The financial crisis has seen some companies in the textile and garment industry facing shut downs, while other factories struggle to transform their business.
"To survive is a victory" has become a consensus among factories in Fujian province, one of the most important centers in China's textile and garment industry.
"Garment factories of around fifty to sixty employees have almost died out and those with 200 or 300 employees are also on the brink of ceasing production," said a local industry insider to the Beijing Morning Post.
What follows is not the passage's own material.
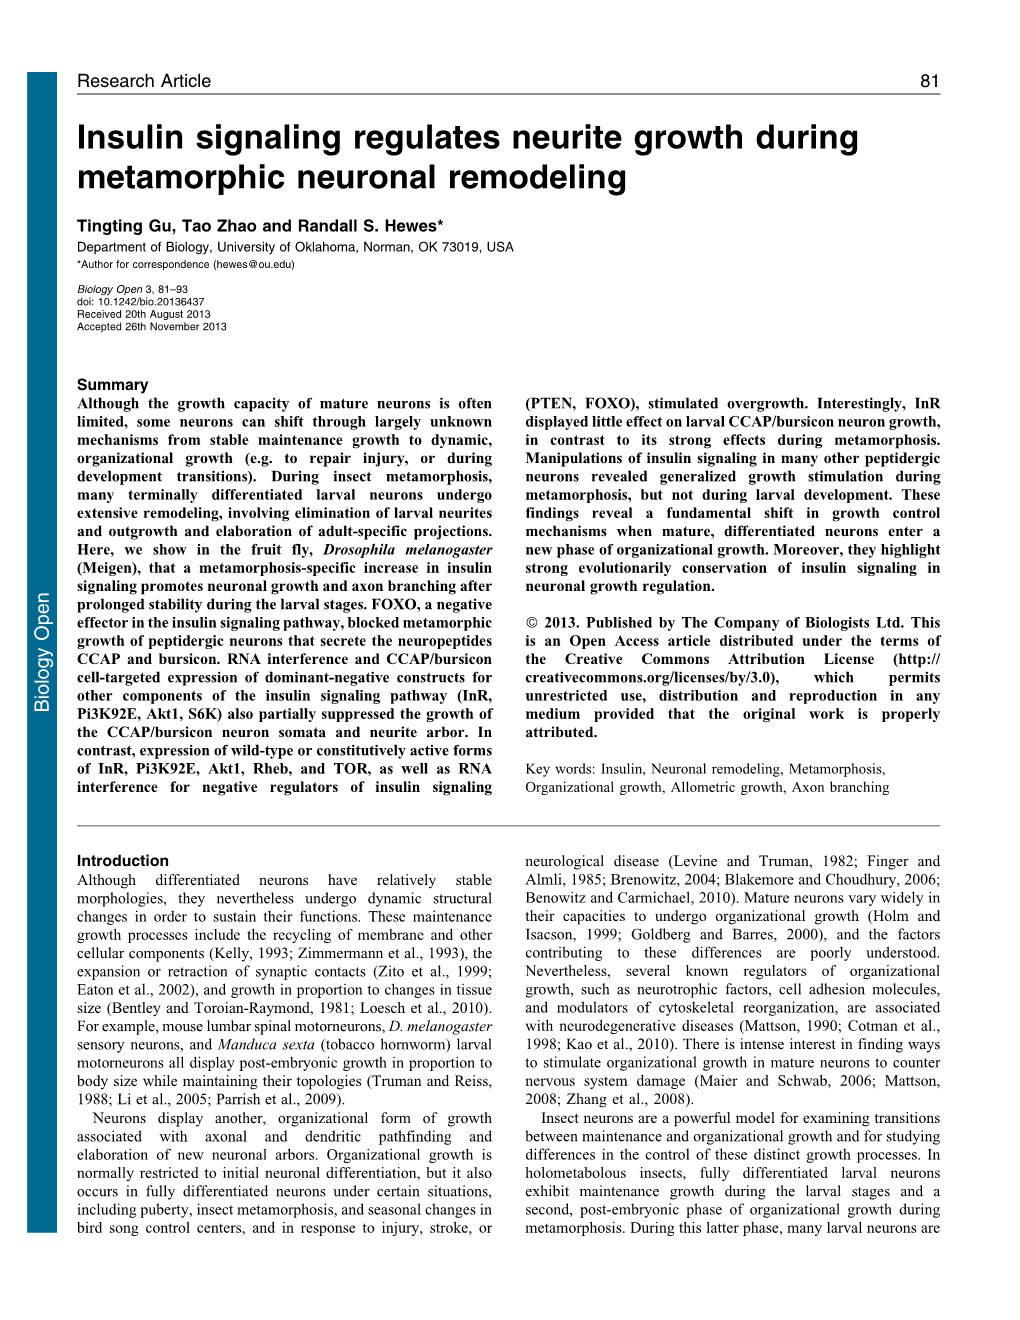 Insulin Signaling Regulates Neurite Growth During Metamorphic Neuronal Remodeling

He blames an overdependence on exports that made these enterprises vulnerable in the face of the financial turbulence.
Statistics have it that among thousands of garment and textile factories centered around Quanzhou, Fujian Province, nearly half are export-oriented, and the declining market is hitting the industry hard.
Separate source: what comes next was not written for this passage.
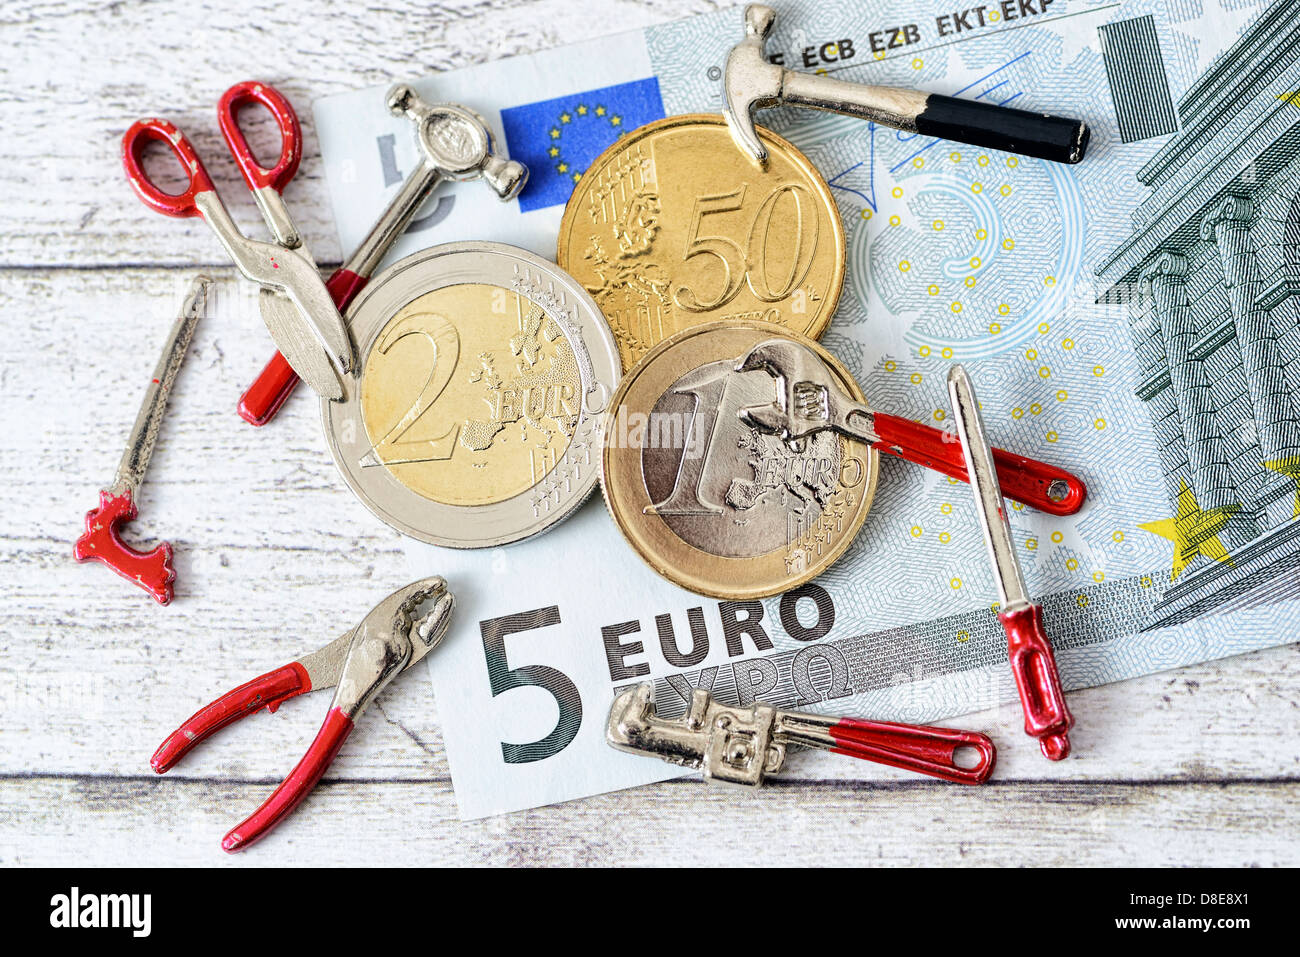 Euro coins with tools Symbolfoto 8,50 EUR minimum wage Stock Photo

Orders from abroad have evaporated in the wake of the global decline and some companies are confronted with the cancellation of previous orders. "The cancellation rate is very high and buyers are finding every possible excuse to do so," said an owner of a local garment factory to the paper.
"The situation next year may be more rigorous."
As many industry insiders predicted, the real impact of the financial crisis may be revealed later in 2009.
In a wave of companies shutting down, survival has become the paramount task for many garment and textile factories, as they find new ways to break out.
Local factories in Jinjiang, a city in Fujian known as "China's shoe capital", are turning back to the road of OEM (Original Equipment Manufacturer) by providing supportive service and processing to sizable enterprises.
Others have begun to focus on the domestic market, which has proven not an easy way to go. "The operating cost is too high to enter domestic stores" said a spokesman from a company that decided to fall back on the domestic market. Another concern is the adjustment of product mix to cater to Chinese consumers, he said.
However, in a global downturn where some see troubles, others find opportunity. The apparel giant Nike is set to add five production lines in Quanzhou, owing to the closure of some Nike factories in Thailand, as well as the advancement of the coastal city's production chains and technologies.
Taking advantage of the appreciation of the yuan, some enterprises in Fujian have already begun to upgrade their equipments."We are seeking every opportunity to rebound," said Lin Xiangyang, general manager of a children's wear manufacturer.
To help China's textile industry go through the global slowdown, the Chinese government has taken several favorable measures this year, by raising export rebates and tax cut.